[Start of section]
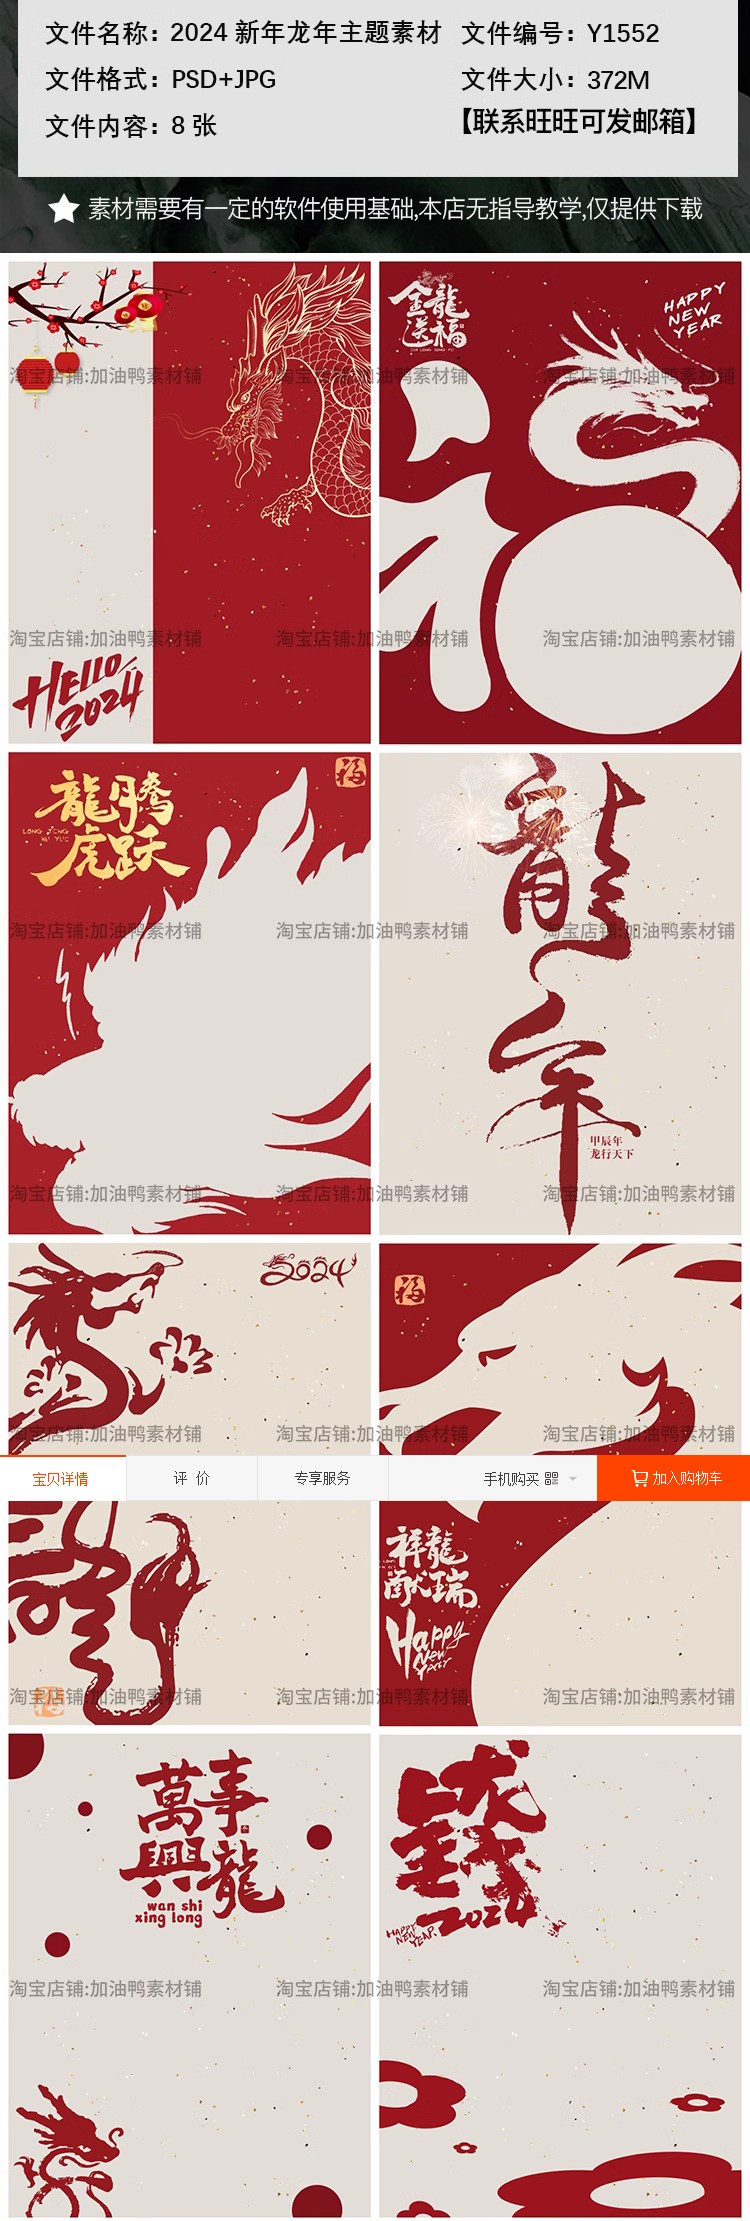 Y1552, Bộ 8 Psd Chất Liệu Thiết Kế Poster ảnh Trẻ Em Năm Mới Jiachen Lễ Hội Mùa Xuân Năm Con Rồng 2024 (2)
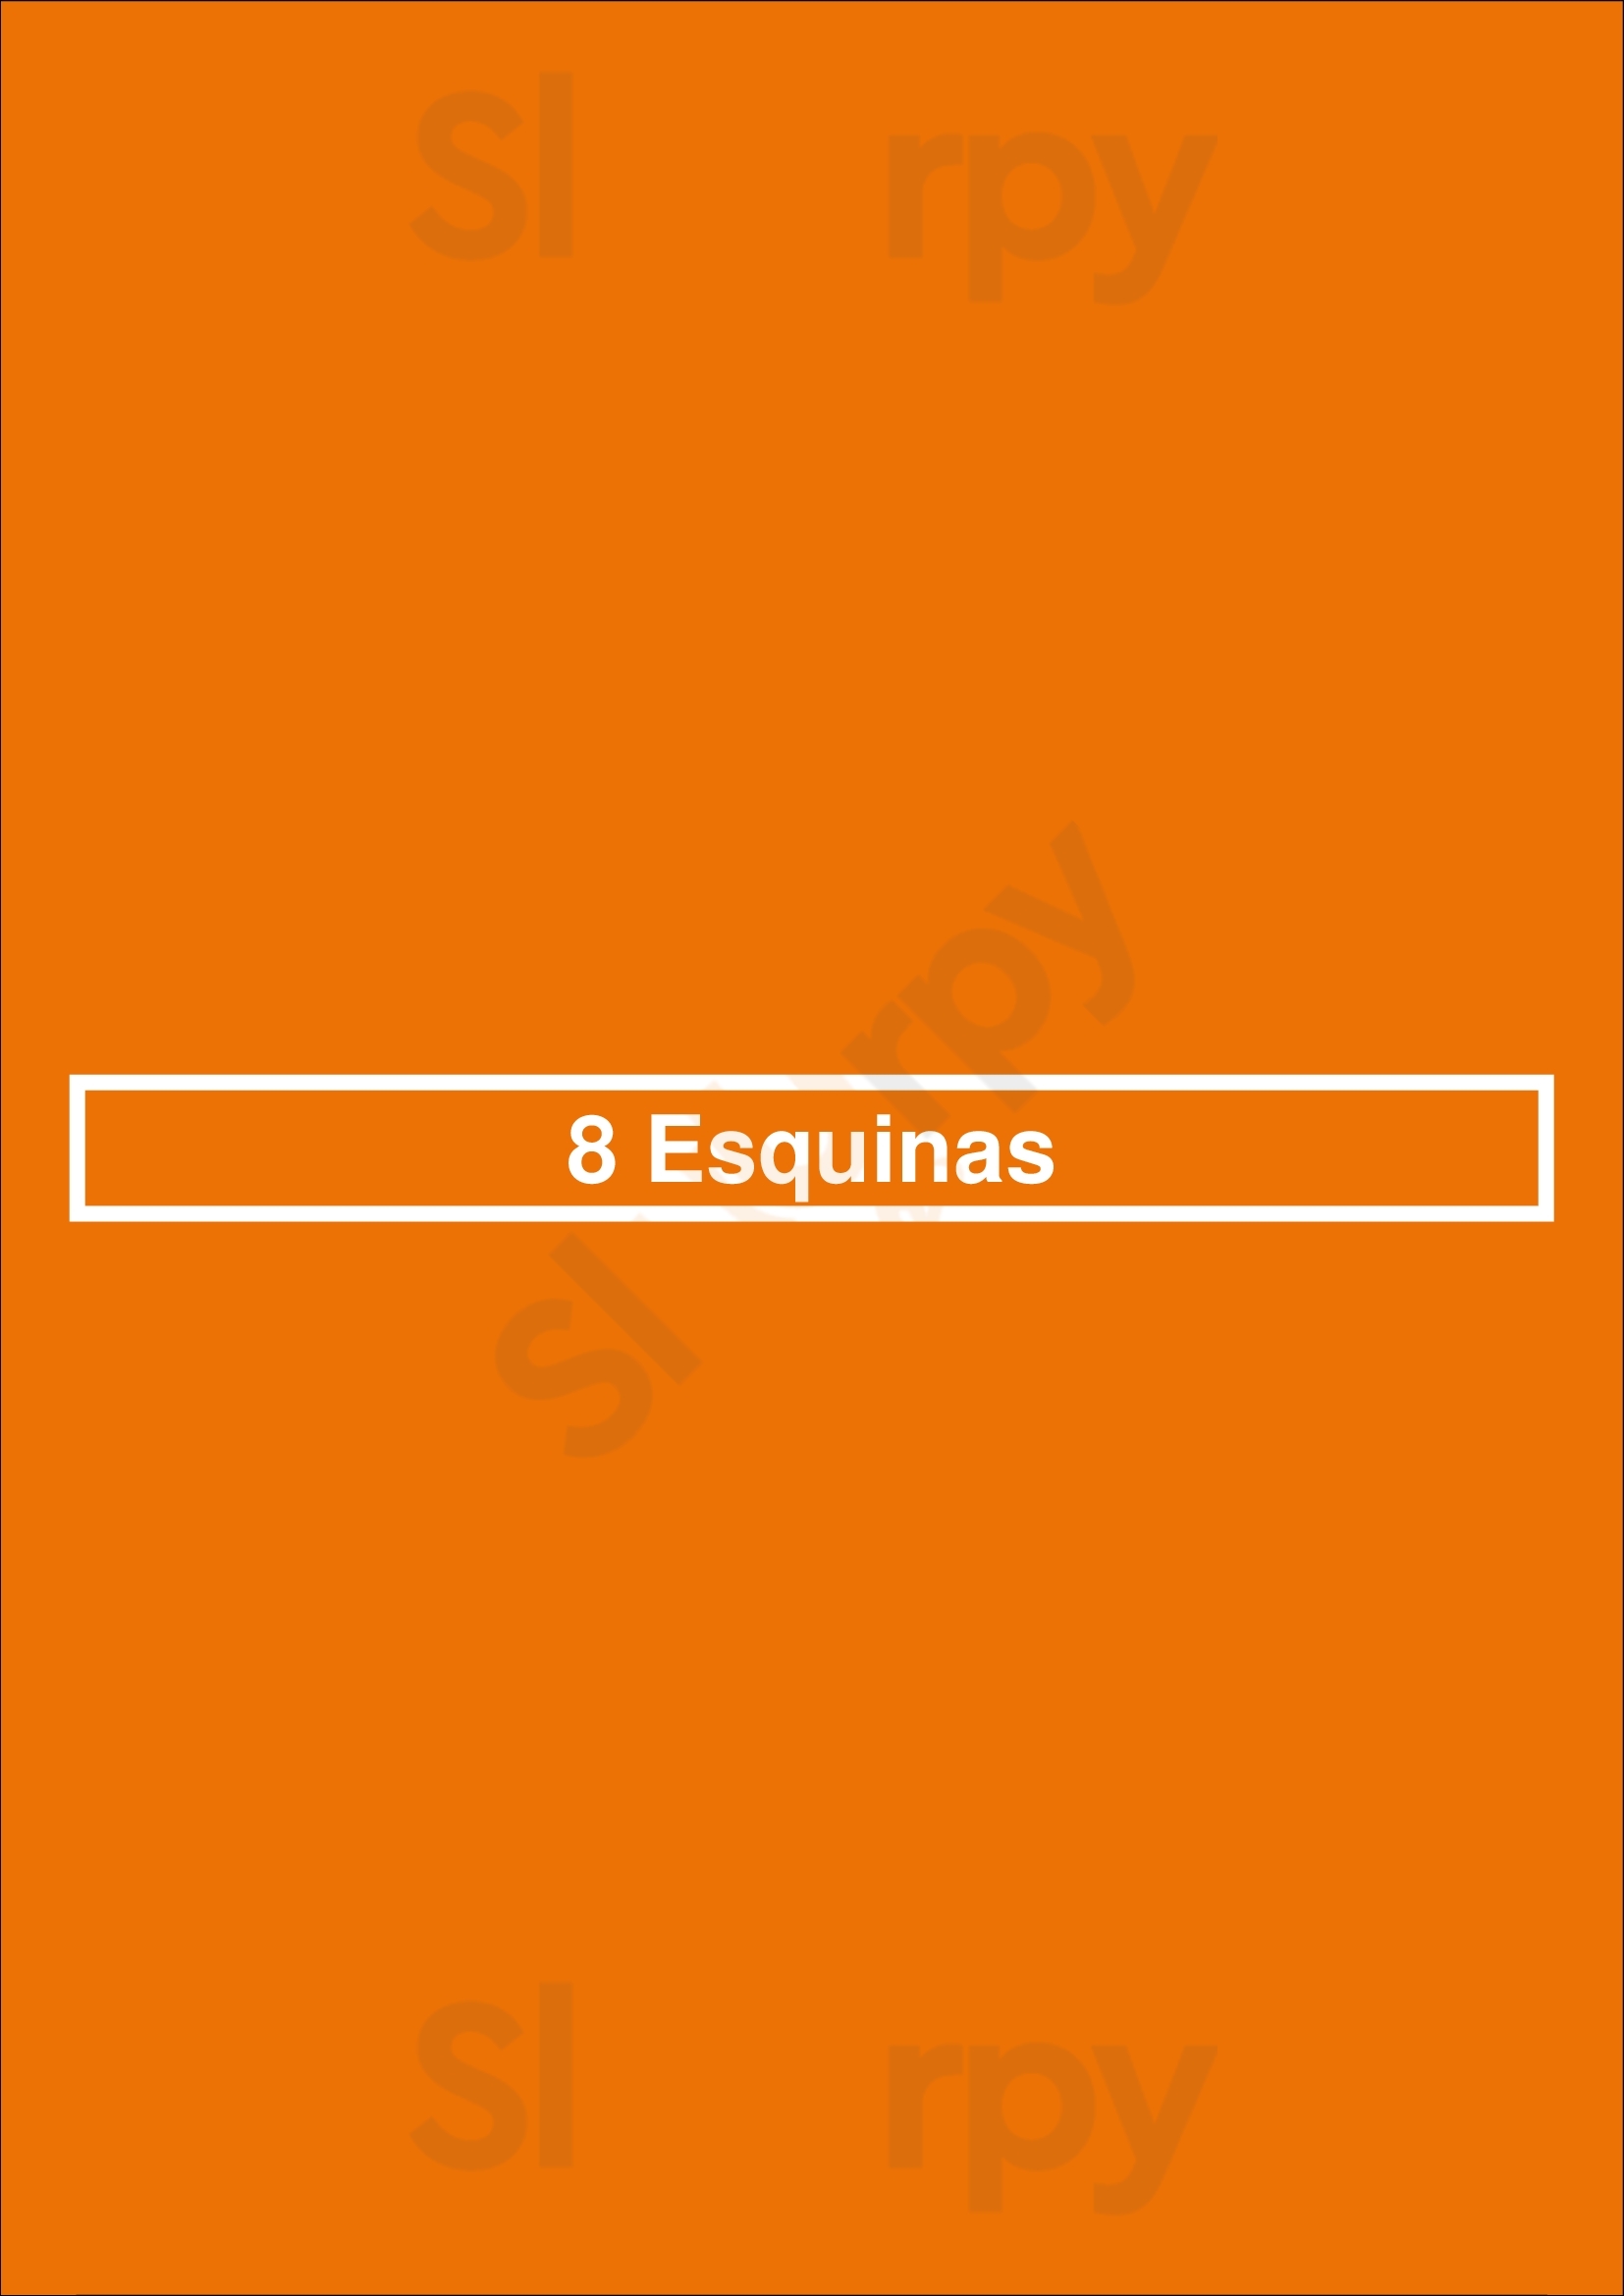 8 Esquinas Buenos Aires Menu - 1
[End of section]
[Start of section]
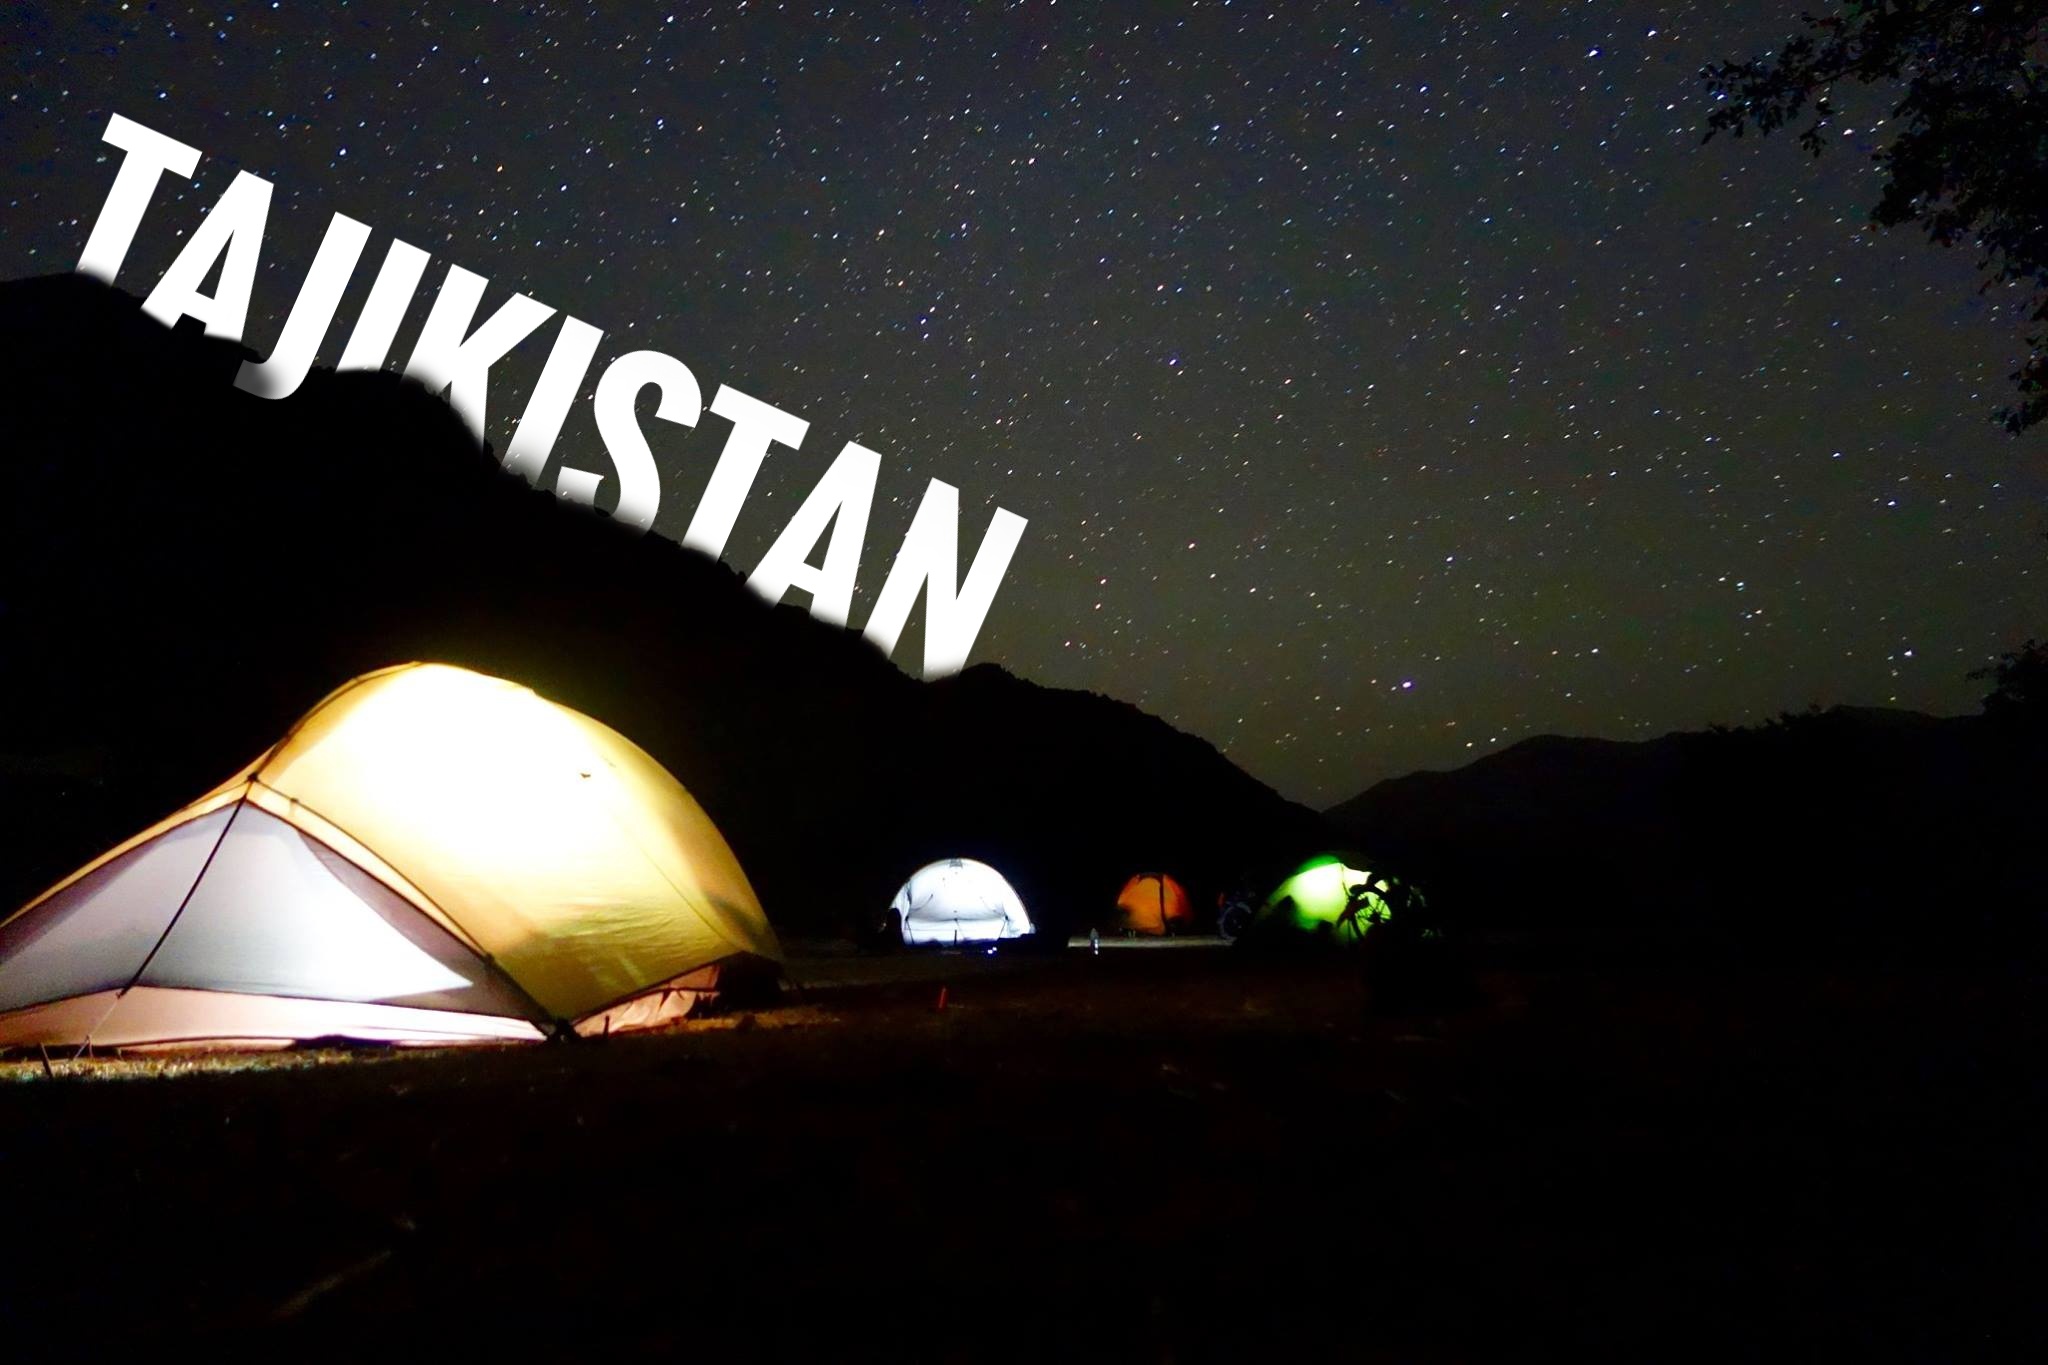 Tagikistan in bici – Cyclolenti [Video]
[End of section]
### Task item:
For the entries above, print exactly the lines between the one with "Y1552, Bộ 8" and the one with "8 Esquinas Buenos Aires Menu - 1", inclusive, with no pictures.

### Solved problem:
 Y1552, Bộ 8 Psd Chất Liệu Thiết Kế Poster ảnh Trẻ Em Năm Mới Jiachen Lễ Hội Mùa Xuân Năm Con Rồng 2024 (2)
 8 Esquinas Buenos Aires Menu - 1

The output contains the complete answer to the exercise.